▶ _PROBLEM_
The entries below must be copied exactly as they are.

▶ _EXCERPTED RECORDS_

◆ ◆ ◆ ◆ ◆

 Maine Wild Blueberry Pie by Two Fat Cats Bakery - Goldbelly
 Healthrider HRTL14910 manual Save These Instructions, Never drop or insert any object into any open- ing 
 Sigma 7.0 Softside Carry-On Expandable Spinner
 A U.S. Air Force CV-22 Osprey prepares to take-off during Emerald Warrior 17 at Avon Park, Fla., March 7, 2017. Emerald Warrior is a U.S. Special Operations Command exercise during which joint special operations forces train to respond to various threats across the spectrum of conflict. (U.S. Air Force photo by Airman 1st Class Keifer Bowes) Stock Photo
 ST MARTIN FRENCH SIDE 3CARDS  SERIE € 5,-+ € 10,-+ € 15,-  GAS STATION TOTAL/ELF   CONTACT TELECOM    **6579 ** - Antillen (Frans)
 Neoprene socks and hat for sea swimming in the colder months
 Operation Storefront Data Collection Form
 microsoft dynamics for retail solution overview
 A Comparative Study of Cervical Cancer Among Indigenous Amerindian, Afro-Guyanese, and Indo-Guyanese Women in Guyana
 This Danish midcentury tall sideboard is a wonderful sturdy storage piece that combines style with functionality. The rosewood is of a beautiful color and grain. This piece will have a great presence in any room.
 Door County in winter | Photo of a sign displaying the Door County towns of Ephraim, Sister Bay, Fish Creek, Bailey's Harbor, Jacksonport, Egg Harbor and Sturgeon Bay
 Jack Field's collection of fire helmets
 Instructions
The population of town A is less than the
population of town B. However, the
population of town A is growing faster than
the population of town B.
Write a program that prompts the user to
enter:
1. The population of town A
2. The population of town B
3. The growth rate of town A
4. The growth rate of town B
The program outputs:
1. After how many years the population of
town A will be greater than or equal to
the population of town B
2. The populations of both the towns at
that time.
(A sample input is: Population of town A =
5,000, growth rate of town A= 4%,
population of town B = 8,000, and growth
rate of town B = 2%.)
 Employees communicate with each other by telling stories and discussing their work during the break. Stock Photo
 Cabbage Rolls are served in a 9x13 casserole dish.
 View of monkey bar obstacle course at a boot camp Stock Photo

◆ ◆ ◆ ◆ ◆

▶ _REPLY_
 Maine Wild Blueberry Pie by Two Fat Cats Bakery - Goldbelly
 Healthrider HRTL14910 manual Save These Instructions, Never drop or insert any object into any open- ing 
 Sigma 7.0 Softside Carry-On Expandable Spinner
 A U.S. Air Force CV-22 Osprey prepares to take-off during Emerald Warrior 17 at Avon Park, Fla., March 7, 2017. Emerald Warrior is a U.S. Special Operations Command exercise during which joint special operations forces train to respond to various threats across the spectrum of conflict. (U.S. Air Force photo by Airman 1st Class Keifer Bowes) Stock Photo
 ST MARTIN FRENCH SIDE 3CARDS  SERIE € 5,-+ € 10,-+ € 15,-  GAS STATION TOTAL/ELF   CONTACT TELECOM    **6579 ** - Antillen (Frans)
 Neoprene socks and hat for sea swimming in the colder months
 Operation Storefront Data Collection Form
 microsoft dynamics for retail solution overview
 A Comparative Study of Cervical Cancer Among Indigenous Amerindian, Afro-Guyanese, and Indo-Guyanese Women in Guyana
 This Danish midcentury tall sideboard is a wonderful sturdy storage piece that combines style with functionality. The rosewood is of a beautiful color and grain. This piece will have a great presence in any room.
 Door County in winter | Photo of a sign displaying the Door County towns of Ephraim, Sister Bay, Fish Creek, Bailey's Harbor, Jacksonport, Egg Harbor and Sturgeon Bay
 Jack Field's collection of fire helmets
 Instructions
The population of town A is less than the
population of town B. However, the
population of town A is growing faster than
the population of town B.
Write a program that prompts the user to
enter:
1. The population of town A
2. The population of town B
3. The growth rate of town A
4. The growth rate of town B
The program outputs:
1. After how many years the population of
town A will be greater than or equal to
the population of town B
2. The populations of both the towns at
that time.
(A sample input is: Population of town A =
5,000, growth rate of town A= 4%,
population of town B = 8,000, and growth
rate of town B = 2%.)
 Employees communicate with each other by telling stories and discussing their work during the break. Stock Photo
 Cabbage Rolls are served in a 9x13 casserole dish.
 View of monkey bar obstacle course at a boot camp Stock Photo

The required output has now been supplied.